Cytoplasmic DRAK1 overexpressed in head and neck cancers inhibits TGF-β1 tumor suppressor activity by binding to Smad3 to interrupt its complex formation with Smad4.

Head and neck squamous cell carcinoma (HNSCC) is an extremely aggressive cancer with a poor prognosis and low patient survival. Because chemotherapy for advanced HNSCC is often ineffective, discovering new therapeutic targets that are important for HNSCC development and progression and elucidating their molecular mechanisms are required. In the present study, we describe the role of DRAK1 (death-associated protein kinase-related apoptosis-inducing kinase 1) as a novel negative regulator of the transforming growth factor-β (TGF-β) tumor suppressor signaling pathway for the first time in human HNSCC cells. DRAK1 was significantly overexpressed in primary human HNSCCs and in HNSCC cell lines. Through gain- and loss-of-function experiments, we demonstrated that the DRAK1 expression level regulated TGF-β1-induced transcriptional activity and expression of the tumor suppressor gene p21(Waf1/Cip1). DRAK1 depletion enhanced TGF-β1-induced growth inhibition in vitro and suppressed tumorigenicity in xenograft models in vivo.
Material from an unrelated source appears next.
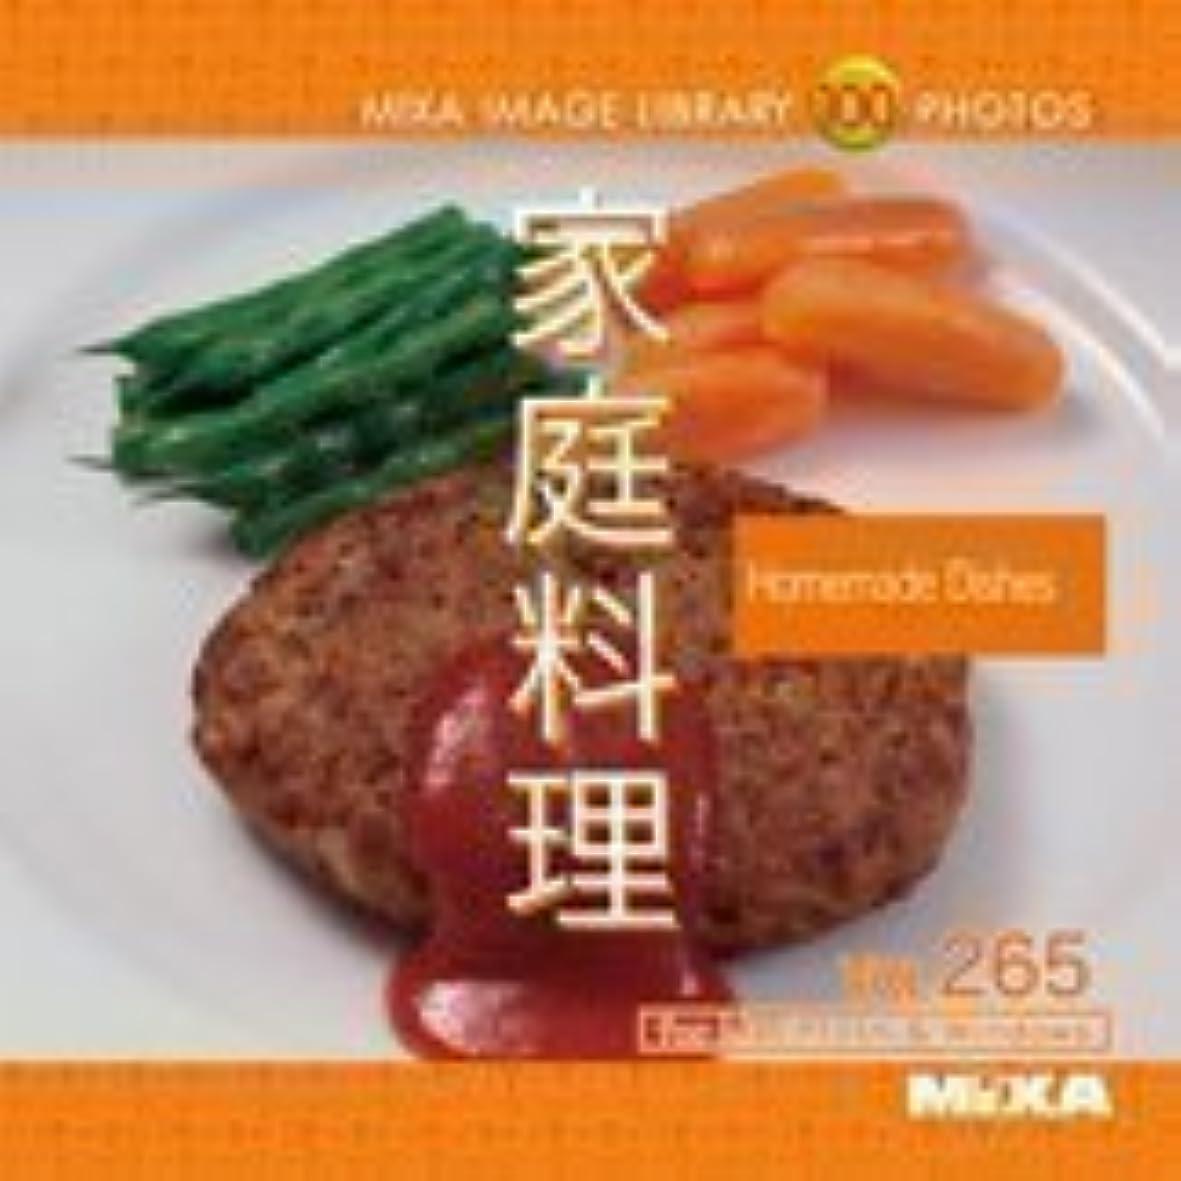 残基販売員症候群MIXA IMAGE LIBRARY Vol.265 家庭料理

Mechanistically, DRAK1 was predominantly localized in the cytoplasm and bound to Smad3, thereby interrupting Smad3/Smad4 complex formation, which is the core process for the induction of tumor suppressor genes by TGF-β1. Thus, our findings suggest that cytoplasmic DRAK1 increases tumorigenic potential through inhibition of TGF-β1-mediated tumor suppressor activity in HNSCC cells and may be a potential therapeutic target for HNSCCs.